28th of June Update
Opened this issue · 2 comments
Fine-tuning:
- 4 models are working on Ollama (3 tinyLlama verisons with 1, 10, 50 epoch)
- I was able to train an Llama2 model (1 epoch only)
- Llama.cpp depricated some functionality which made transform safetensors to gguf format
- Running evaluation on small set locally
Company Names: Clustering using Semi Supervised Learning
I did a proof of concept of the usage of a clustering model that uses semi supervised learning to group Company names by looking at their name and address (further variables could be included in the future).
I used the data set that we have been manually cleaning on the spreadsheet to perform a test.
Here I trained the model over a subset of the manually validated names:
- The companies that most show up
- For each company, only take the top 15 most repeated matches.
Overall, the model saw 3910 rows of data such as:
raw_name_id | raw_name | raw_address |
---|---|---|
58517298 | MELISSA & DOUG, LLC | 10 WESTPORT ROAD WILTON CT 06897 US |
34062848 | MELISSA & DOUG, LLC | 141 DANBURY RD WILTON CT 06897-441 US |
20411 | MELISSA & DOUG LLC | 141 DANBURY ROAD WILTON CT 068 USA |
819001 | MELISSA & DOUG, LLC | 141 DANBURY ROAD WILTON CT 06897 USA |
68400195 | MELISSA & DOUG LLC | 10 WESTPORT ROAD WILTON CT 06897 US |
Which correspond to 276 manually identified companies.
Then, out of those 3910 rows (which produce 15.288.100 pairs) I trained on a semisupervised setting the model, by reviewing manually 130 pairs of rows and marking them as (114) "the same company" or (17) "not the same company".
After this, the model applied the clustering and outputted for each row, a cluster ID, to which it belongs.
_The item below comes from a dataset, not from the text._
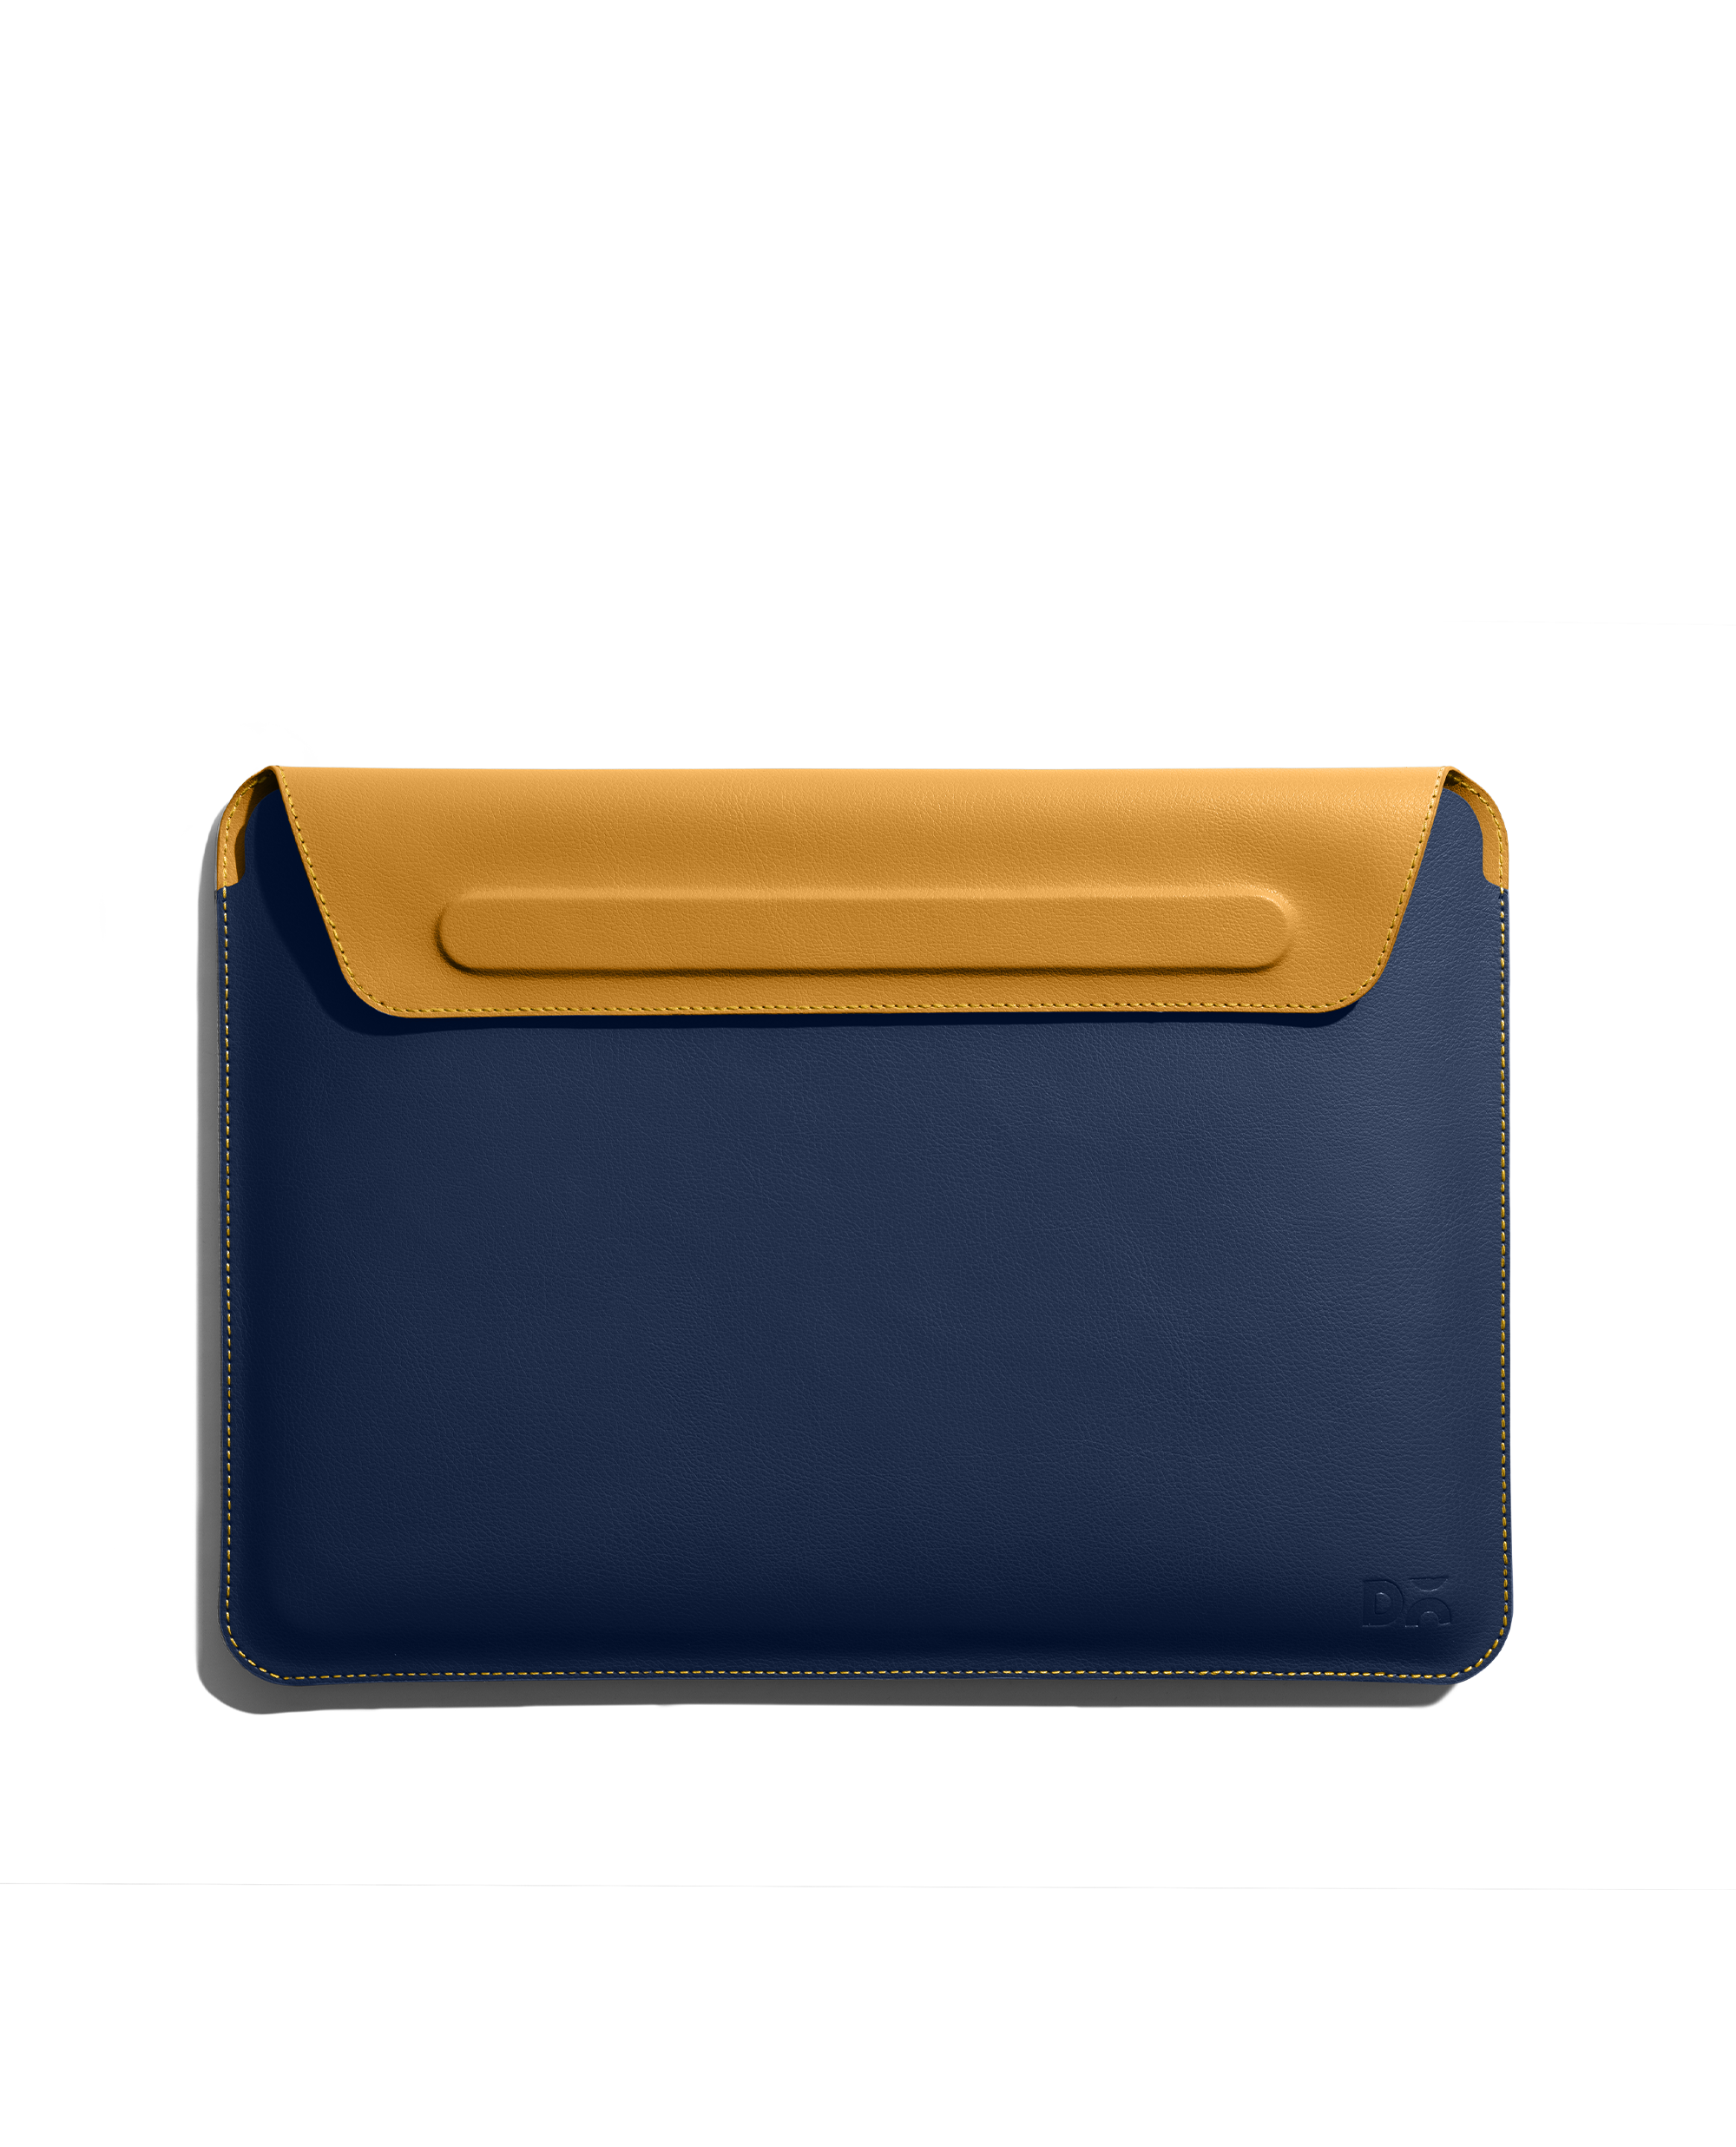 Metion Laptop Bag Macbook Air 13 inch Bags for Macbook Pro 13.3

It found 331 clusters. In the following table, the output of the model, with the cluster id and confidence score is shown.
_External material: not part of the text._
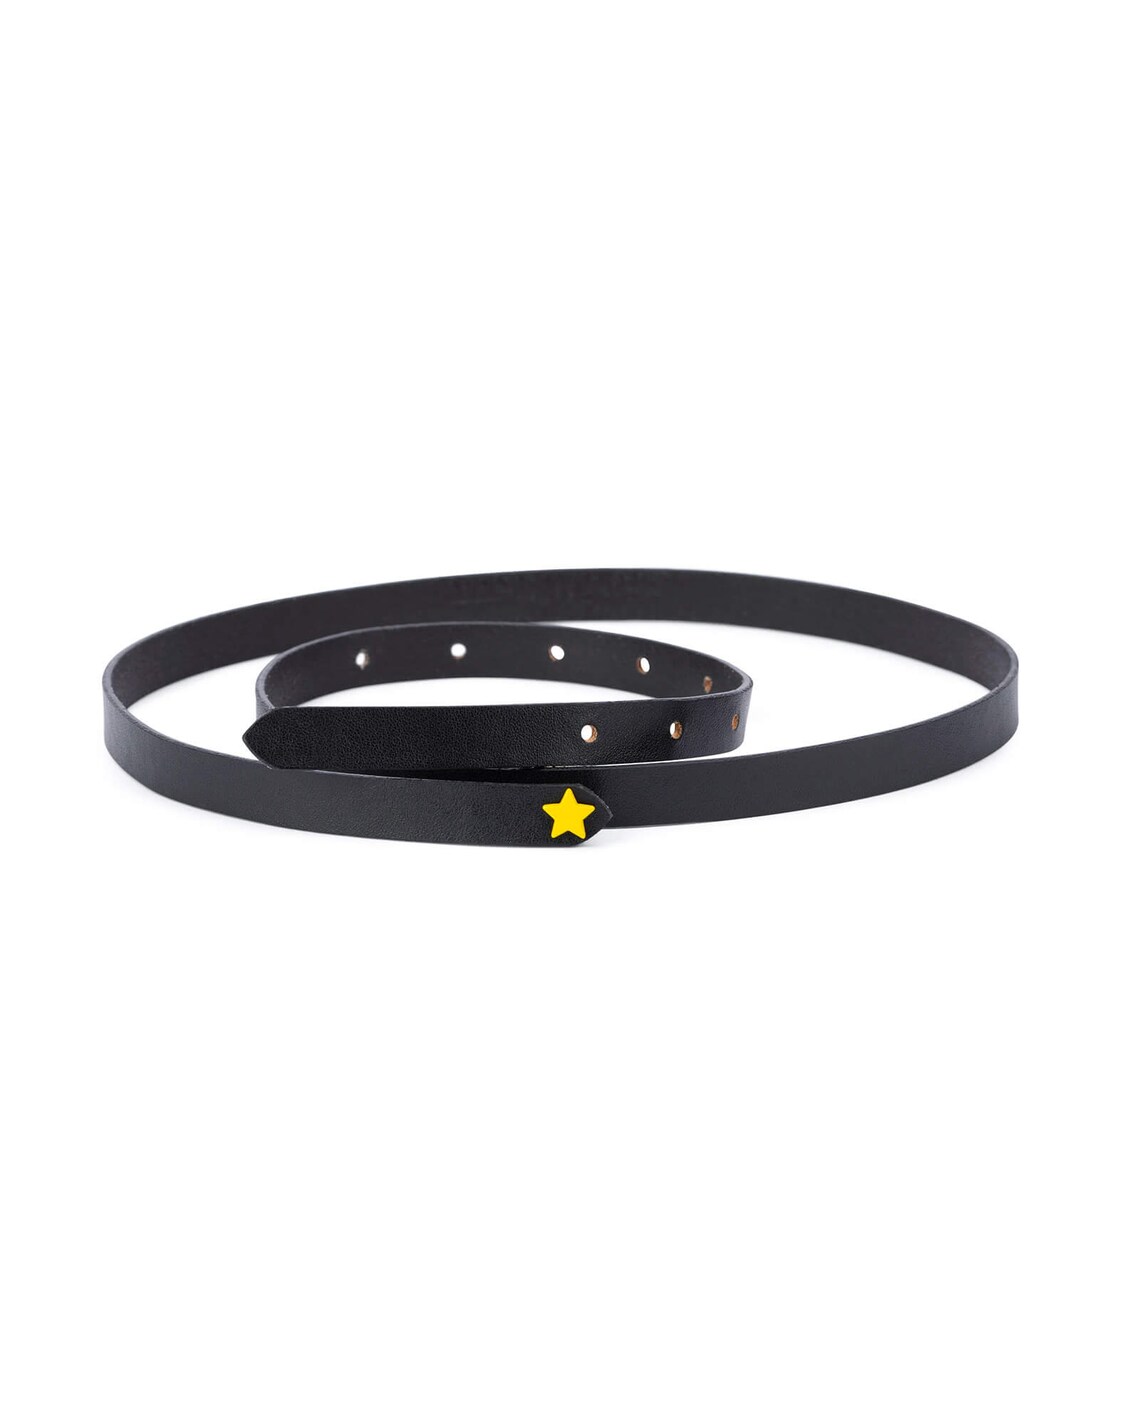 Buy Womens Thin Dress Belt | Black With Yellow Star | LeatherBeltsOnline

Cluster ID | confidence_score | raw_name_id | raw_name | raw_address |
---|---|---|---|---|
80 | 0.859248 | 58517298 | MELISSA & DOUG, LLC | 10 WESTPORT ROAD WILTON CT 06897 US |
80 | 0.859248 | 34062848 | MELISSA & DOUG, LLC | 141 DANBURY RD WILTON CT 06897-441 US |
80 | 0.859263 | 20411 | MELISSA & DOUG LLC | 141 DANBURY ROAD WILTON CT 068 USA |
80 | 0.859264 | 819001 | MELISSA & DOUG, LLC | 141 DANBURY ROAD WILTON CT 06897 USA |
80 | 0.859250 | 68400195 | MELISSA & DOUG LLC | 10 WESTPORT ROAD WILTON CT 06897 US |
Now to assess the result, the precision and recall of the process were calculated against the ground truth that we manually created on the spreadsheet.
- precision: 0.9169
- recall: 0.9452
To further test the model and check if it's not overfitting, the same test was applied on data that didn't belong to the training set, which consisted of 9000 companies, which were grouped into 61 clusters, but were actually identified as 30 companies. Here the precision and recall went a bit lower, but still not bad.
- precision: 0.9999
- recall: 0.7227
The goal now is to make this scale, so it finds more clusters. This was done on RAM and using a CSV, but the library allows for it to connect to a postgres database and work with more rows.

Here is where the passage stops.